The pound strengthened against the US dollar yesterday but weakened against the euro. The single currency rallied following a report by economists at the Bundesbank that suggested Germany’s economy could grow faster than initially thought. In June, the Bundesbank predicted a 1.9% rise in GDP for 2017, but the figure might prove even bigger than that.
Meanwhile in America, the White House economic adviser Gary Cohn is the favourite to replace Janet Yellen as the chair of the US Federal Reserve when the current term is up in February. Donald Trump could give Yellen another term, but a recent survey showed that a majority believe this is unlikely.
Our latest Forbes article went live yesterday. It looks at Donald Trump’s presidency to date and the sustained period of volatility the US dollar has faced throughout 2017.
GBP: UK housing remains under pressure
It was a mixed day for sterling yesterday as it made gains against a weak US dollar but made losses against the euro. There was further negative news for the UK housing sector as, according to Rightmove, the summer holiday season has impacted annualised house prices. Their house price index showed that the average price of property fell by 0.9% this month. It was said that Brexit uncertainty has led to a depreciation in house prices.
In the meantime, we expect renewed interest in the dollar ahead of the Jackson Hole Symposium, where central bankers, finance ministers, academics, and financial market participants from around the world meet to discuss and debate global policy. The meetings are closed to the press but the information is discussed by officials.
It is fairly quiet today on the economic data front, with only the public sector borrowing figures and CBI industrial orders due for release. The big figure for the UK this week will be on Thursday when the second reading of GDP is released.
EUR: euro surges as comments on German growth remain bullish
The single currency resumed its strong performances of late and hit a four-day high against the dollar yesterday. The catalyst for the strengthening was a data release from the German Bundesbank.
The monthly report indicated that German growth might exceed their latest forecast. This is good news for the eurozone as Germany carries a large weighting in the overall figures. The big event for the euro this week will be the Jackson Hole Symposium, where comments on monetary policy from European Central Bank President Mario Draghi should help give an indication on how the currency will perform for the remainder of the year.
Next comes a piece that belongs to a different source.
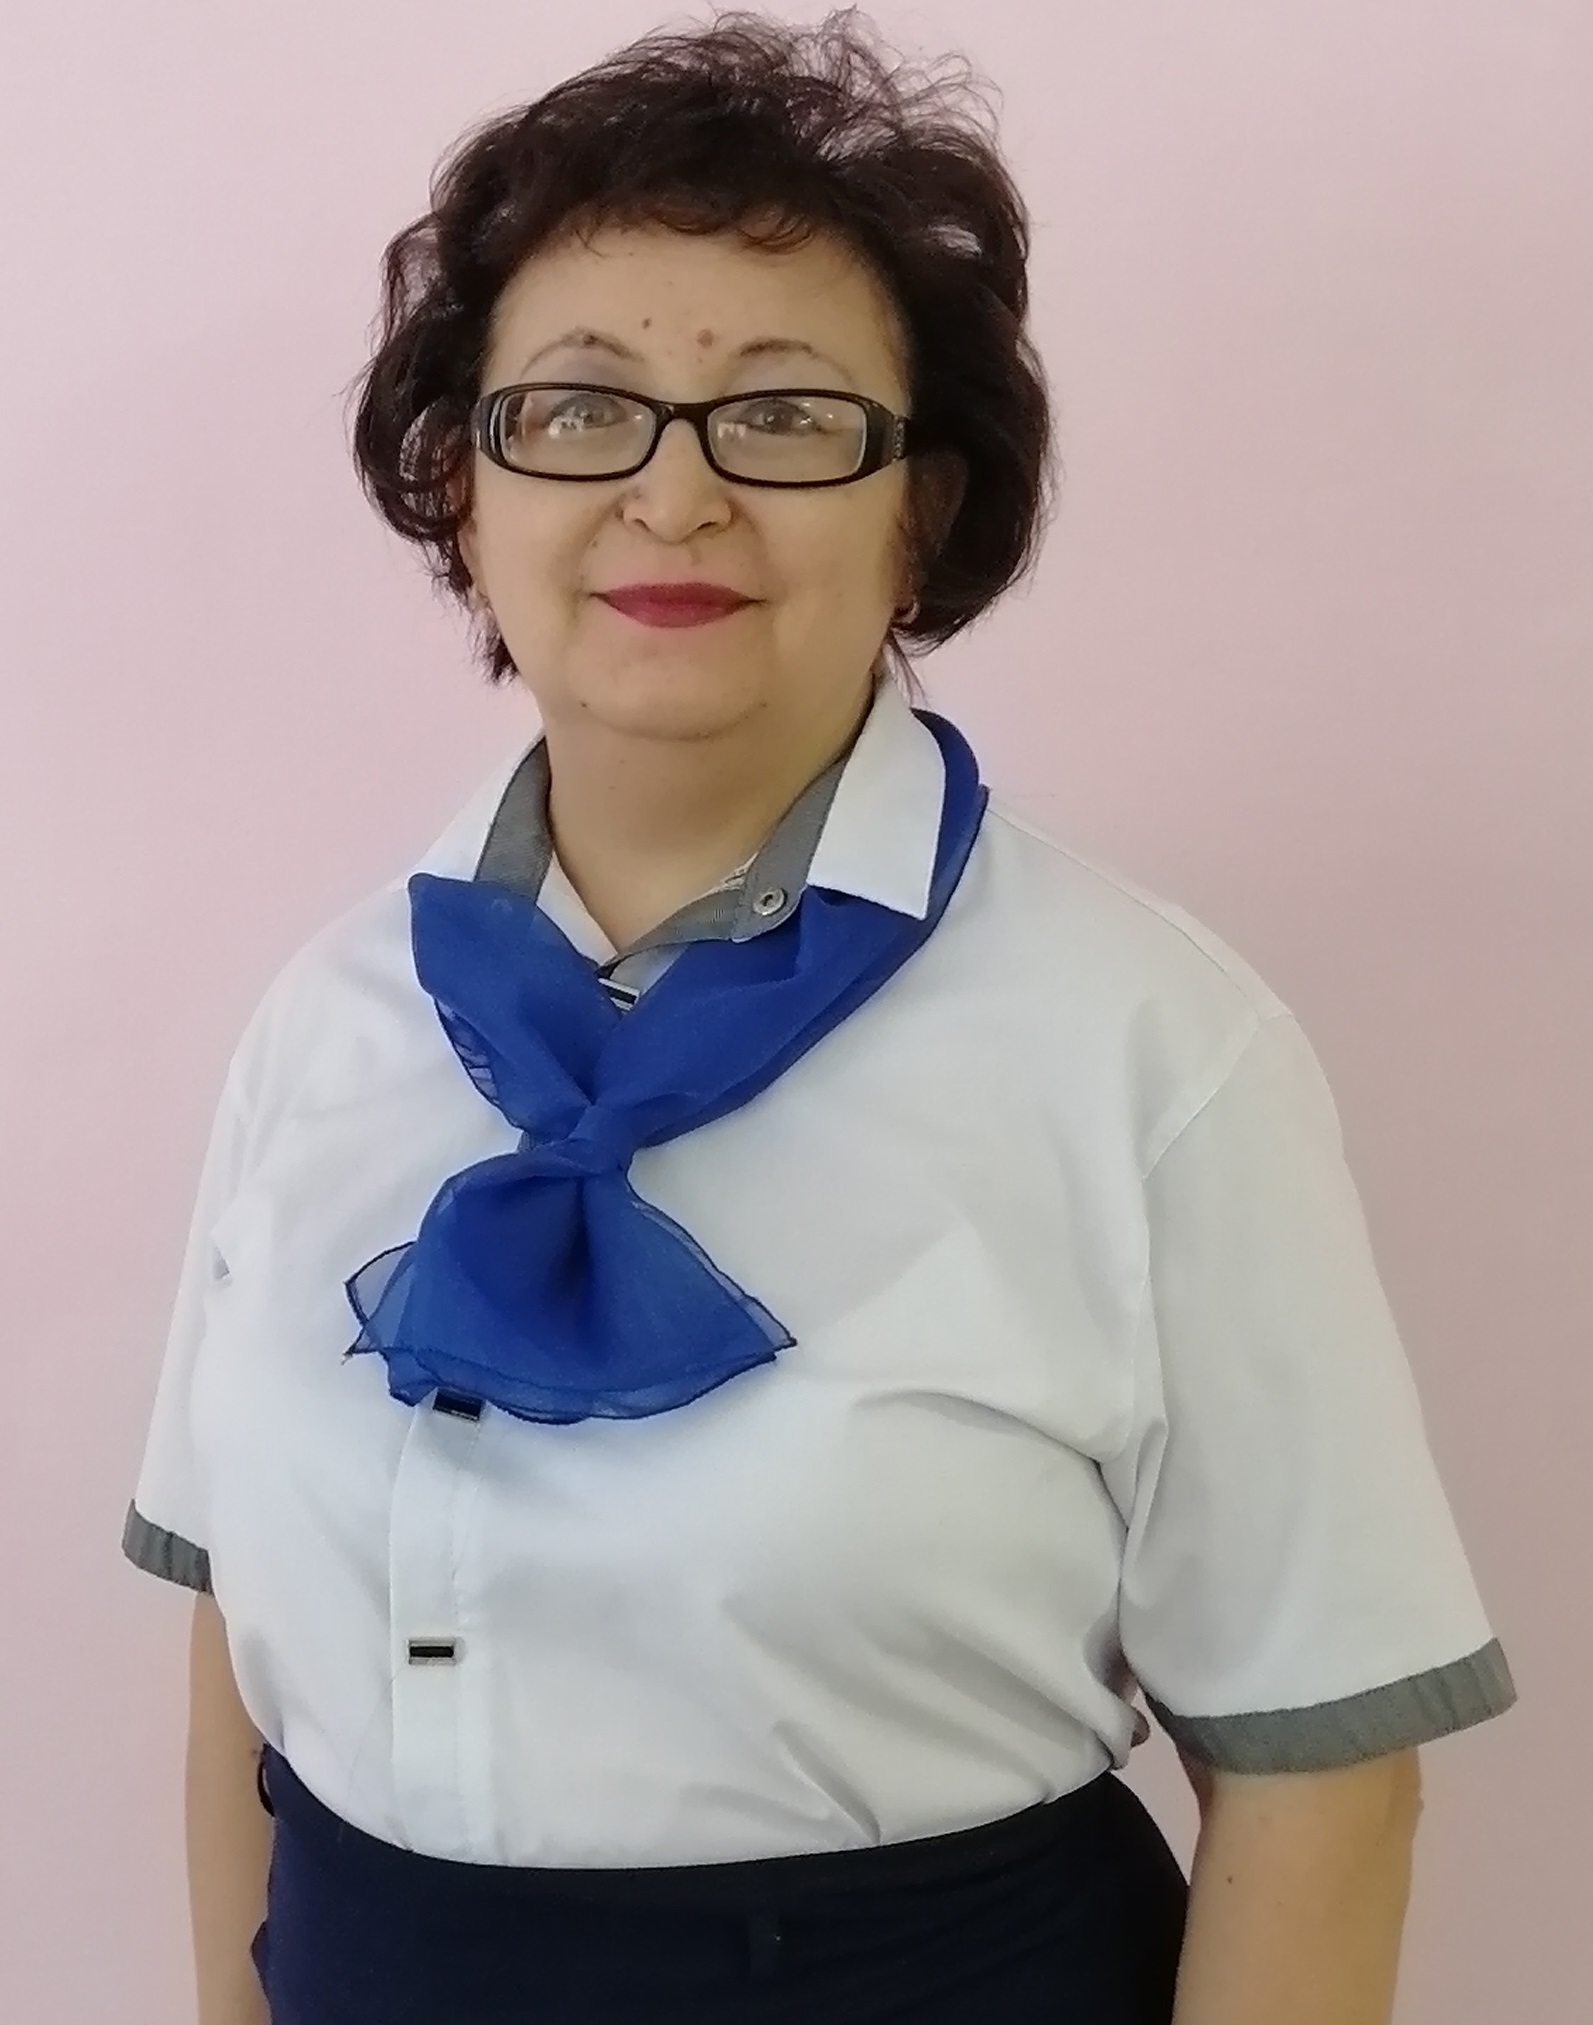 Воспитатель первой категории Ахмедьянова Лариса Маратовна.

Looking to the day ahead, the German ZEW survey is set for release. It’s a leading indicator of economic health and is a survey of about 275 German institutional investors and analysts.
USD: Trump says “You’re fired,” yet again as geopolitical tensions escalate once more
Over the weekend we learned that Steve Bannon, who served as the White House Chief Strategist, had been fired by Donald Trump. We expected some movement when markets opened yesterday, but it appears investors have become desensitised to the departure of key members of Trump’s administration.
There wasn’t much in terms of economic data yesterday, but we did see the US dollar weaken, primarily as a result of rising tensions between North Korea and the US, as computer-simulated military exercises have begun. North Korea apparently views these exercises as preparation for invasion.
The main focus this week is the annual central banking conference in Jackson Hole, where the world’s top central bankers may hint at changes in monetary policy. It’s certainly worth keeping an eye out for any movements on Friday afternoon.